The Court of Appeals reversed and reinstated the Overpayment Rule. With respect to the actuarial equivalence holding, the Court found that, based on the text of the statutory mandate, the actuarial equivalence requirement in the Medicare Advantage statute applies to the way in which CMS determines payments to MAOs, and has no application to the Overpayment Rule. In particular, nothing in the text of either the actuarial equivalence requirement or the Overpayment Rule explicitly indicates that actuarial equivalence could be “a defense against the obligation to refund any individual, known overpayment.” Further, the Court concluded that, even if the actuarial equivalence requirement were interpreted to disallow an overpayment recovery mechanism that would result in lower net payments to MAOs, UnitedHealth had failed to show empirically that –– the Overpayment Rule was such a mechanism. The Court reversed the district court’s “same methodology” holding for similar reasons, finding that the statutory “’same methodology’ requirement plays a specific role in the computation and publication of data to aid in the [MAO] bidding process” and is not implicated by the separate provision under which the Overpayment Rule was promulgated.

Relying on the Court of Appeal decision, CMS finalized its proposal to not apply a FFS Adjuster to RADV audits because the “actuarial equivalence” and “same methodology” provisions of the MA statute do not apply to the obligation of an MAO to report and return improper payments for diagnoses lacking medical record support, including those improper payments identified during a RADV audit.
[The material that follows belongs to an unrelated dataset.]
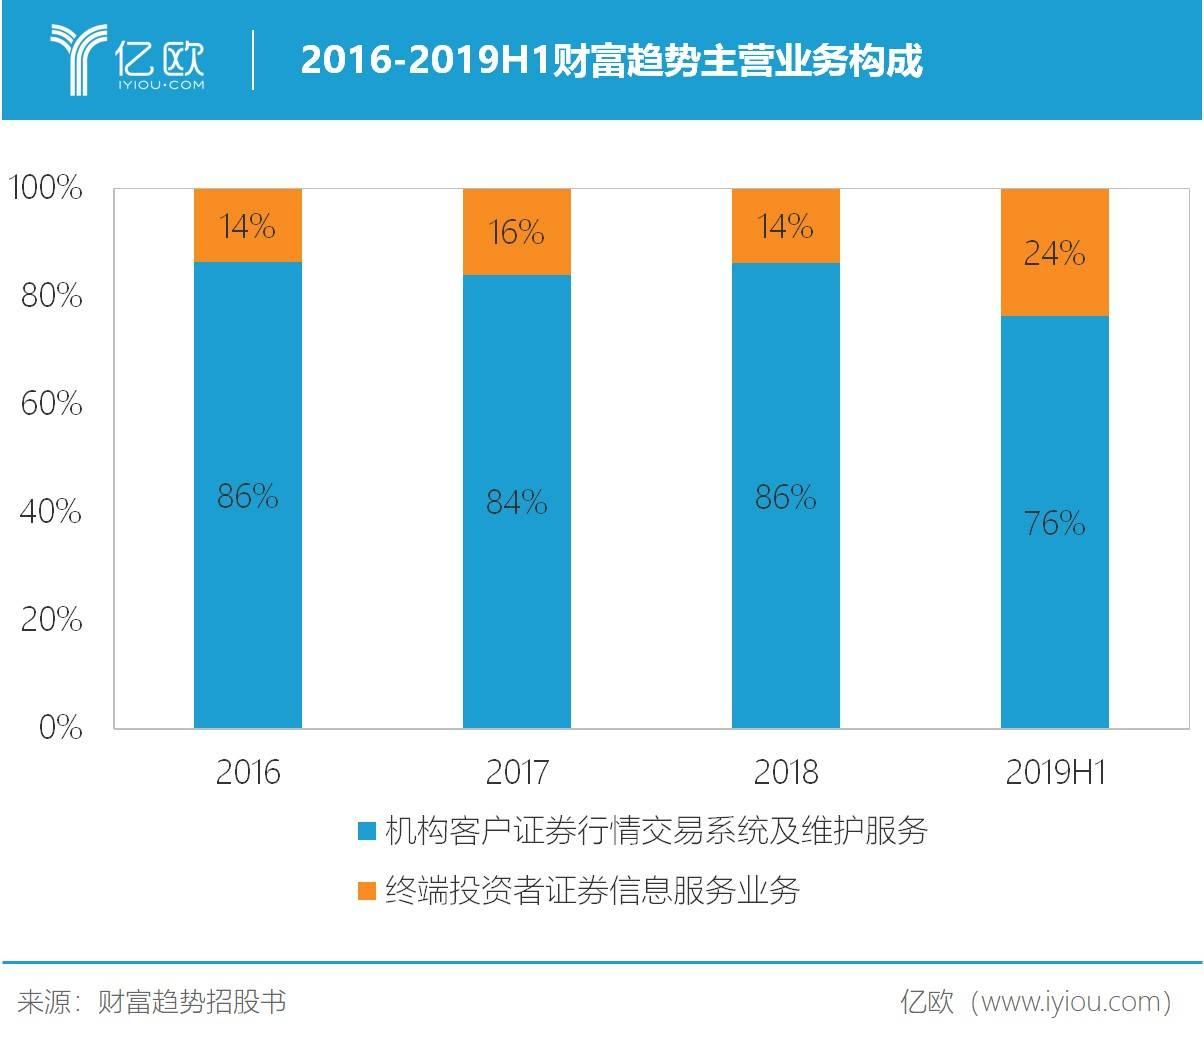 2016-2019H1财富趋势主营业务构成

CMS also concluded that it would not be reasonable to interpret the MA statute as requiring a reduction in payments to MAOs by at least a statutorily-set minimum percentage pursuant to the coding pattern adjustment,[1] while at the same time prohibiting CMS from enforcing longstanding documentation requirements by requiring an offset to the recovery amounts calculated for CMS audits.

Remitting Improper Payments

The proposed rule would have required MA organizations to remit extrapolated recovery amounts from RADV audit findings through CMS’s payment system, the Medicare Advantage and Prescription Drug system or “MARx”, as offsets to MA organizations’ monthly capitation payments. In the event that the recovery amount exceeds the payment in one month, CMS proposed that the recovery would be spread across adjustments for multiple months until the full amount is recovered.

The Final Rule requires MAOs to remit improper payments identified during RADV audits in a manner specified by CMS.

After the Final Rule’s effective date of April 3, 2023, CMS will begin notifying MA organizations issuing enrollee-level audit findings from the CMS RADV audits that have been completed, as well as recovering the enrollee-level improper payments identified in HHS-OIG audits.


[1] Section 1853(a)(1)(C)(ii) of the Social Security Act, 42 U.S.C. § 1395w-23(a)(1)(C)(ii), requires a minimum coding pattern adjustment to reduce the risk scores of all MA beneficiaries, and therefore, MA payment rates. Such a minimum coding pattern adjustment accounts for differences in coding patterns. between MA and Medicare FFS, given that MAOs have a greater incentive than FFS providers to report diagnoses. The coding patter adjustment is currently set at 5.9%.